PESHAWAR: Efforts are afoot to wholly shift the administrative control of the intermediate education either to the Higher Education Department (HED) or Elementary and Secondary Education (E&SE) Department so as to avoid confusion in budget utilisation, according to sources.

HED has categorically conveyed to the E&SE Department to wholly hand over the intermediate classes to it or take over their full administrative control, sources in E&SE Department told Dawn.

Currently, both the education departments administratively control the intermediate classes, they said and explained that HED was responsible for the intermediate classes in colleges and E&SE in government higher secondary schools, which was a violation of the successive national education policies.

According to the education policies so far framed including the latest announced in 2009, the E&SE Department was responsible for the administrative control of the intermediate level education while colleges were for the degree level education, the sources said. However, during successive governments no one has pointed towards violation of this portion of the education policy.

They said that of the 182,000 enrolled students in 182 public sector colleges in Khyber Pakhtunkhwa 120,000 students were in intermediate classes. They added that 45,000 students were enrolled in the intermediate section of 400 government higher secondary schools. As such, HED is responsible for imparting education to 72 per cent of the intermediate students though it is not its mandate, they said.


Move aimed at bringing transparency in budget utilisation


“Though it is not our mandate, most of our resources are being utilised on the intermediate education,” an official in HED told Dawn. He said that the colleges were solely responsible for imparting above 12-year education.

The official said that after qualifying the secondary school certificate examination most of the students first opted for taking admission in the colleges because the education standard in the colleges was much better than the schools. “The students having poor marks and not qualifying for admission in colleges often take admission in the higher secondary schools,” he said.

The shifting of inter classes to any of the departments would also put that in trouble as in some areas there was either a college or higher secondary school.

If the E&SE Department fulfils its responsibility of taking over the inter classes than the colleges would have enough space for the students taking admission in the degree level classes, said the HED official.
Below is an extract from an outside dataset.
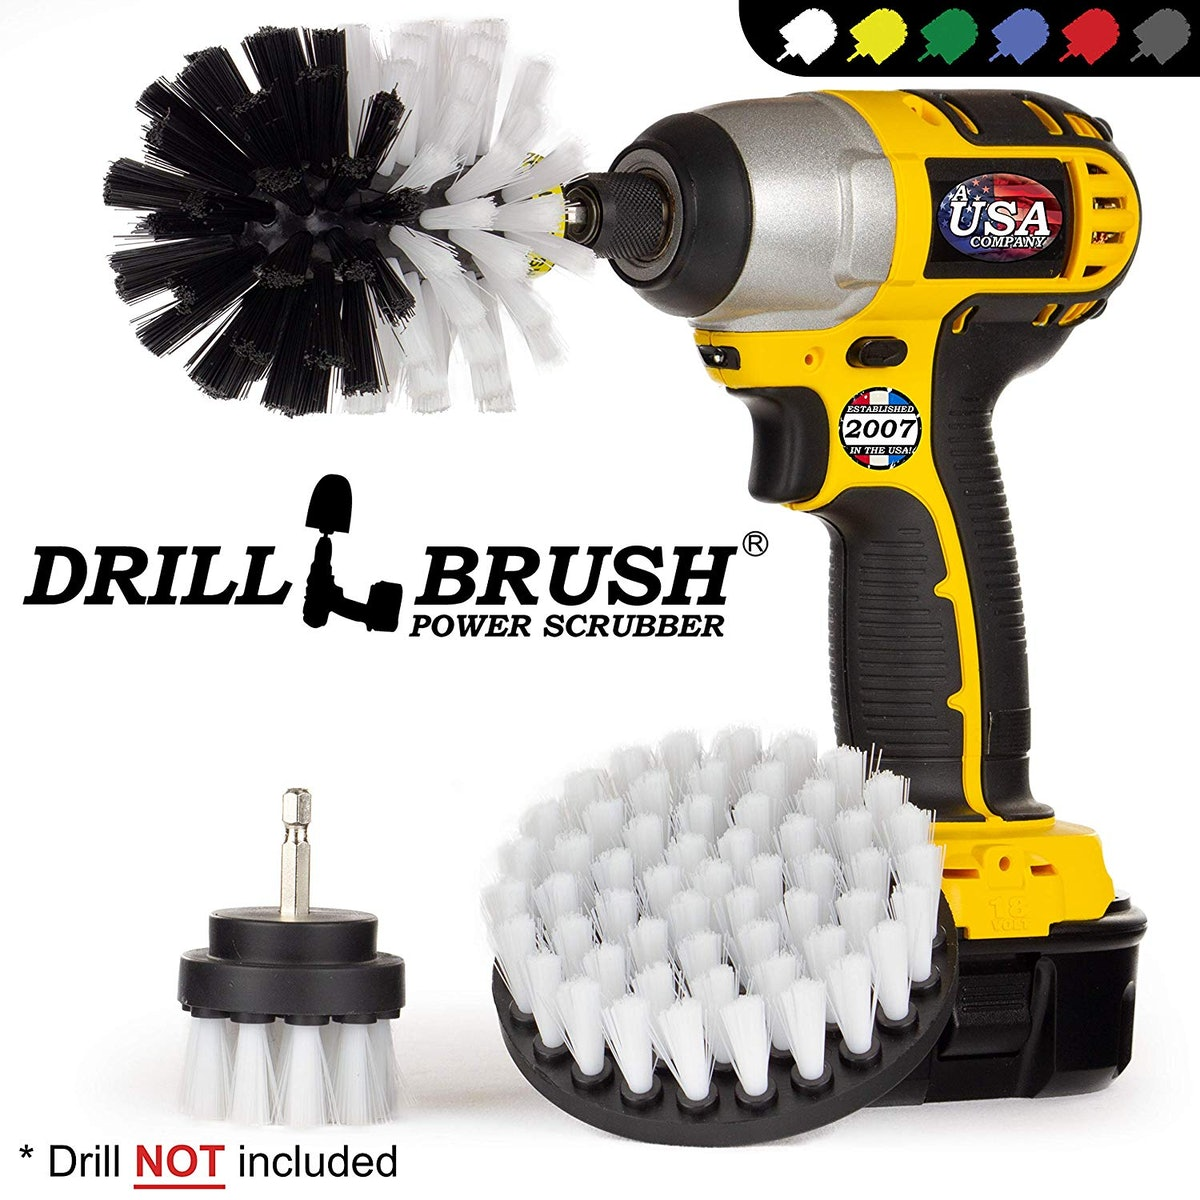 Drillbrush Cleaning Kit (3-Piece Set)

He said that it would also help HED to expand the 16-year bachelor of studies programme in the government colleges across the province.

When contacted, Khyber Pakhtunkhwa Teachers Association of Colleges president Nasrullah Khan Yousafzai said that the intermediate education was the mandate of the E&SE Department. However, he said that thousands of students would be deprived of quality education being imparted in the colleges if it was shifted to the schools.

He said that many students of the public sector colleges were able to take admission in the medical and engineering colleges after obtaining excellent marks in the intermediate examinations every year. But, he said, the intermediate students graduating from schools had never been able to get admission in professional colleges.